Dissidents learn from painful lessons of the beat generation
Renegade republicans fire more bullets in 'punishment' attacks than they do against the police. But is the Real IRA only following the Provisionals' example, asks Malachi O'Doherty
The Real IRA has apparently concluded that it can increase its popular support in republican areas through punishment shootings.
In the past, the Provisional IRA, which expended more bullets into the arms and legs of young men in nationalist areas than into any other kind of target, argued that this hurt them as much as it hurt their victims.
I often had republican spokespeople explain to me, with great patience, that the IRA did not want to do this kind of thing; that the need to pursue joyriders and drug-dealers was a distraction from their war against British occupation forces.
They said that the community demanded this kind of vigilante activity of them, for want of an acceptable policing service.
And there were many who accepted that rationale; indeed, perhaps many republicans themselves accepted it.
But while dissident republicans are devoting so much energy to punishment shootings, it has to be asked if attacking those perceived as criminal delivers real political advantage after all.
In effect, the behaviour of the republican dissidents challenges us to critique the past history of the Provisional IRA and the other paramilitary organisations in a new way.
I interviewed many of the men who were kneecapped in west Belfast in the early 1990s.
I learnt how the whole republican policing system operated and how it interfaced with the institutions of the state.
In those days, Sinn Fein headquarters at Connolly House on the Andersonstown Road functioned virtually as a police station, receiving complaints against 'hoods' - the young men who plagued the housing estates by raking around them in stolen cars at all hours of the night.
These men were undoubtedly a major social problem.
I am thinking of Pip, the son of one of the men who directed the punishment shootings from Connolly House.
Pip and I sat down one day and calculated the scale of the damage he had caused. During the two years of his most active 'joyriding' he had stolen two or three cars a night. He had destroyed many of these. All the joyriders had nicknames, like Shirley and Wurzle. Pip's father assented to his kneecapping. The shooting itself was botched and he lost half of one foot.
He was given his punishment on release from Hydebank Young Offenders' Centre, which compromises the argument that the IRA had to punish these men because no one else would. I haven't met a single joyrider who hadn't already been caught by the police.
But I also met with members of the Probation Service and other community organisations who dealt directly with the IRA kneecapping squads. There were members of staff in organisations like Niacro and Base Two, whose jobs were to meet the IRA on behalf of young men under threat.
It worked like this: if you received a message from the IRA that you were going to be shot in the legs, you could approach a salaried community worker from one of these organisations to mediate with the IRA.
That person would then sit down in Connolly House with the two men responsible for administering IRA justice. He would ask the IRA to confirm the authenticity of the threat and he would be in a position to negotiate a reduction of the punishment.
For instance, the IRA might be demanding that the man they were targeting should leave Ireland. The intermediary could plead for more time to arrange accommodation for him in England.
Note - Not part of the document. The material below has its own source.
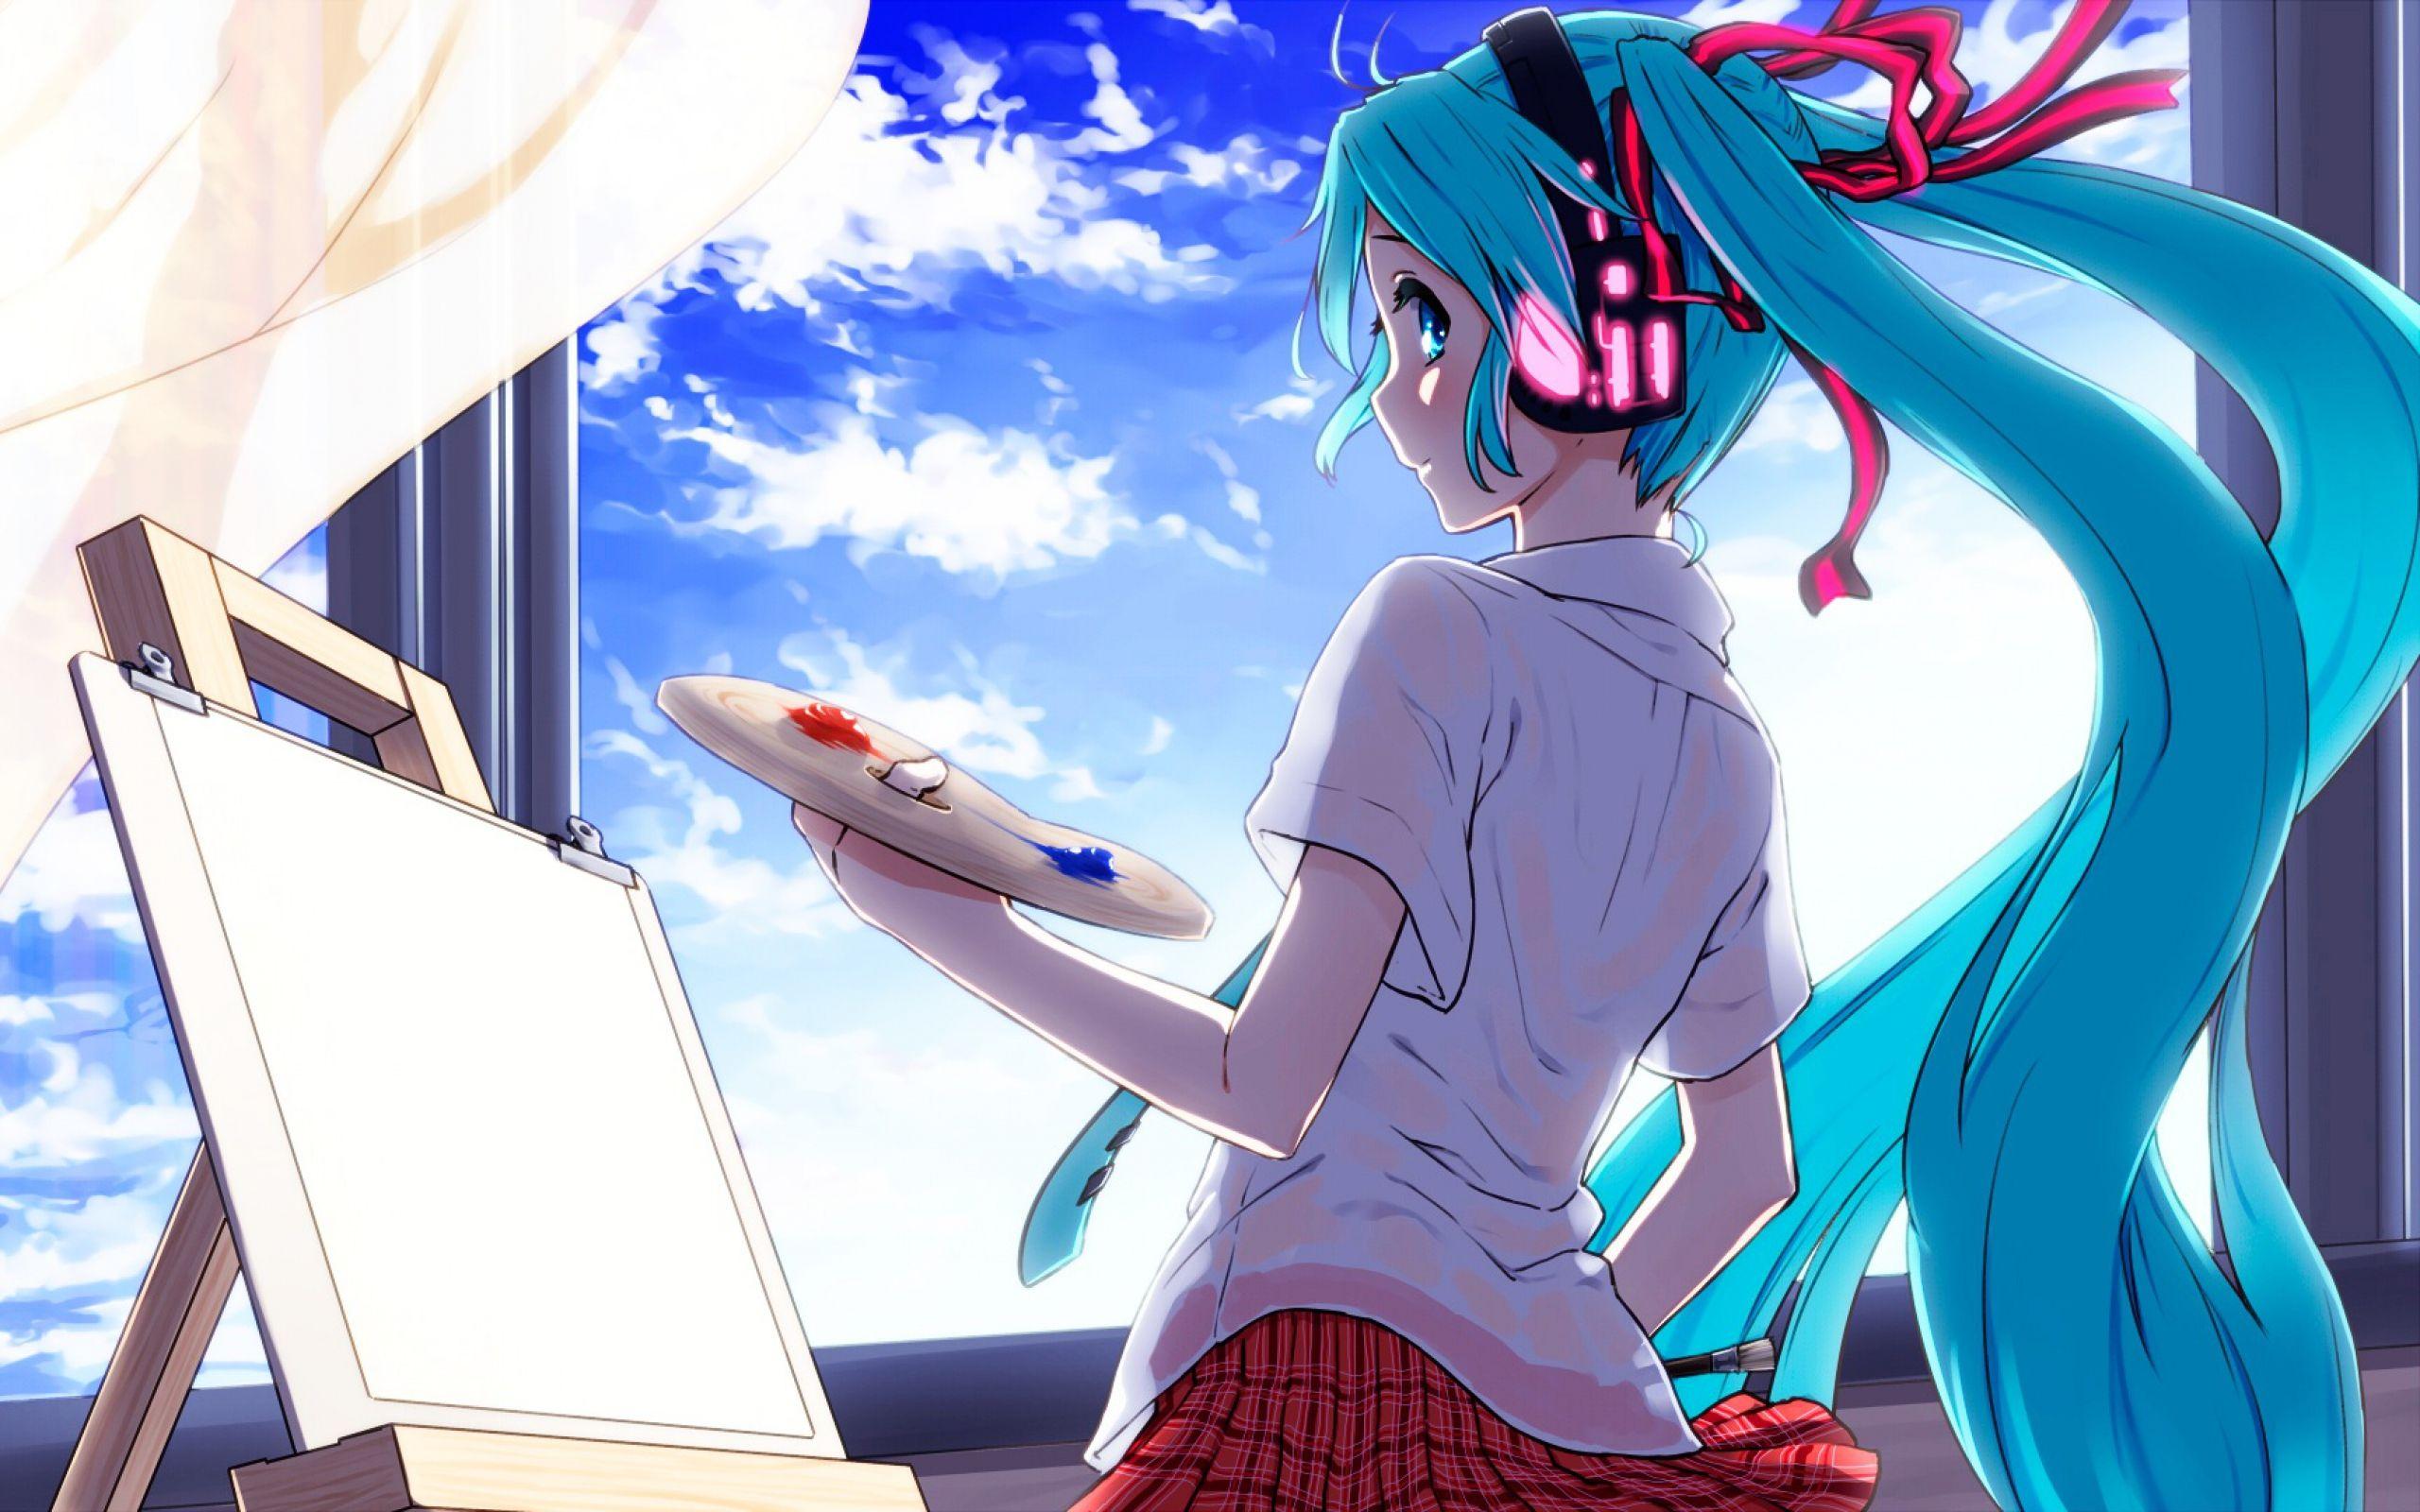 Hình nền  hình minh họa Anime Cá hoạt hình Vocaloid Hatsune Miku  dưới nước Ảnh chụp màn hình Hình nền máy tính Mangaka 2039x1147   nightelf87  45668  Hình nền đẹp hd  WallHere

What the Provisionals had got from their vigilantism amounted to official recognition of their policing role.
And it has to be acknowledged that this integration of their vigilantism into a network of community organisations provided the basis for the system of Community Restorative Justice which evolved later.
I remember once, in a BBC studio, arguing with a very senior member of the Probation Service that the Provisional IRA was gaining major political advantage from its punishment system. And that, I argued, explained why the organisation was putting far more work into fighting the hoods than it was into fighting the British or the police.
The man thought I was barking. His view of a guerrilla organisation told him that it would want to be fighting a war directly against the state.
It didn't accommodate the possibility that republicans might usurp the state by taking over some of its responsibilities in their own areas, in spite of the fact that that is what they had always said they would try to do.
The belief that the Provisionals were filling a policing vacuum supposed that they would have entirely different motives for fighting criminals than those which drove the loyalists in their areas, where the police were accepted by the people.
The reality, as we can now understand more clearly from the behaviour of the dissidents, is that paramilitary organisations always see great benefit to themselves in fighting crime.
It is one way of distinguishing themselves from ordinary criminals. It enables them to provide a service for which people will be indebted, and it affords them the opportunity to swank their power among the people who matter most to them, those of their own community.
But now there are no community workers, clergy or probation officers providing excuses for the Real IRA and pleading for a little understanding for the plight of committed soldiers of the Republic having been dragged down into a war against petty criminals on the street.
Perhaps some of them might reflect on the rationale by which they previously explained this anomaly: that men who presented themselves to the world as revolutionaries fired more bullets into the people they claimed to represent than into those they opposed.
It is, after all, no mystery to the Real IRA. They have worked it out for themselves.